How can I say, “I fell in love with the Orthodox liturgy”?

Is it okay to use ερωτέυομαι in such cases, or is it inappropriate?

Best wishes, and many thanks,

Simon


----------



## sotos

It's OK. "Είμαι ερωτευμένος/-η με την ορθόδοξη λειτουργία".


----------



## seitt

Many thanks - or, to describe what happened, can I say the following?

Ερωτέυτηκα την ορθόδοξη λειτουργία.

(Without με, isn't it?)


----------



## deerdock

"Έπεσα ερωτευμένος/-η με την ορθόδοξη λειτουργία" might be more accurate to your original request.


----------



## Perseas

seitt said:


> Ερωτ*εύ*τηκα την ορθόδοξη λειτουργία.


Very good.



deerdock said:


> "Έπεσα ερωτευμένος/-η με την ορθόδοξη  λειτουργία" might be more accurate to your original request.

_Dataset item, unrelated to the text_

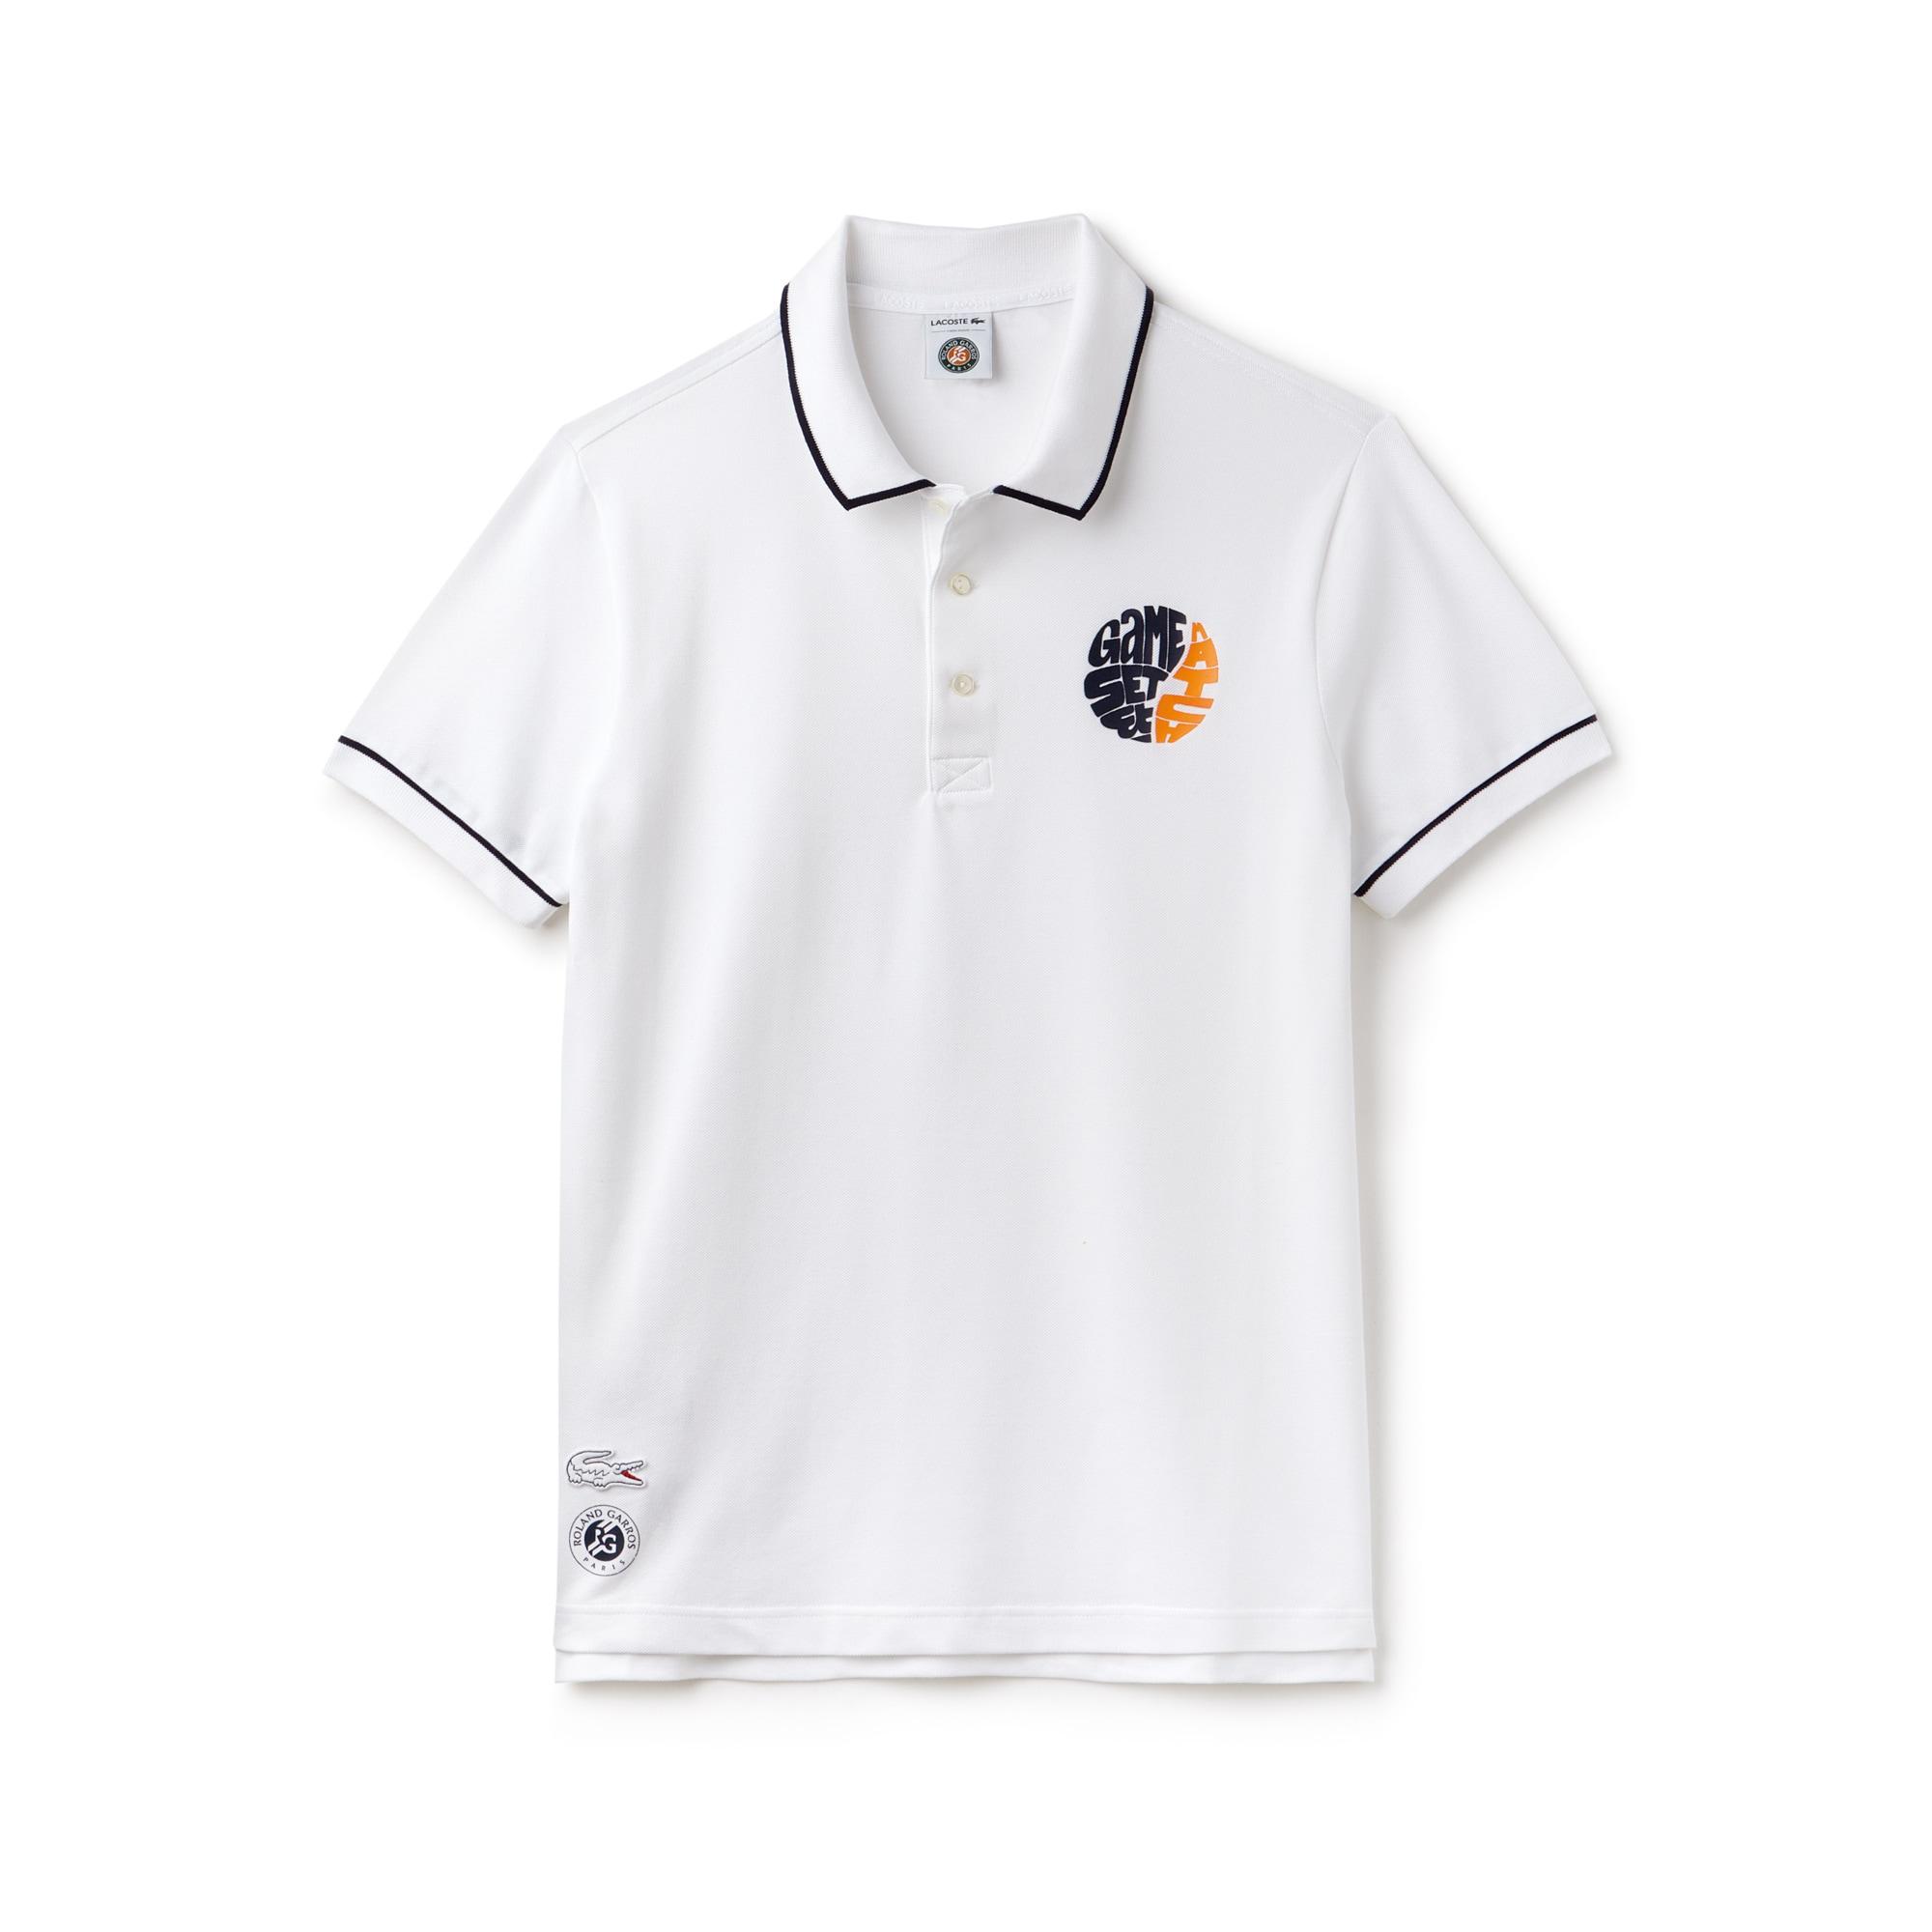 Men's Lacoste SPORT Roland Garros Edition Stretch Mini Piqué Polo Shirt

"Έπεσα ερωτευμένος/-η" is not idiomatic.


----------



## Librarian44

If you want to avoid ερωτεύτηκα and its amorous connotations, you could say "αγάπησα αληθινά (βαθιά, πολύ, πραγματικά) την Ορθόδοξη λειτουργία".

έπεσα ερωτευμένος does not exist


----------



## seitt

Many thanks, truly excellent.


----------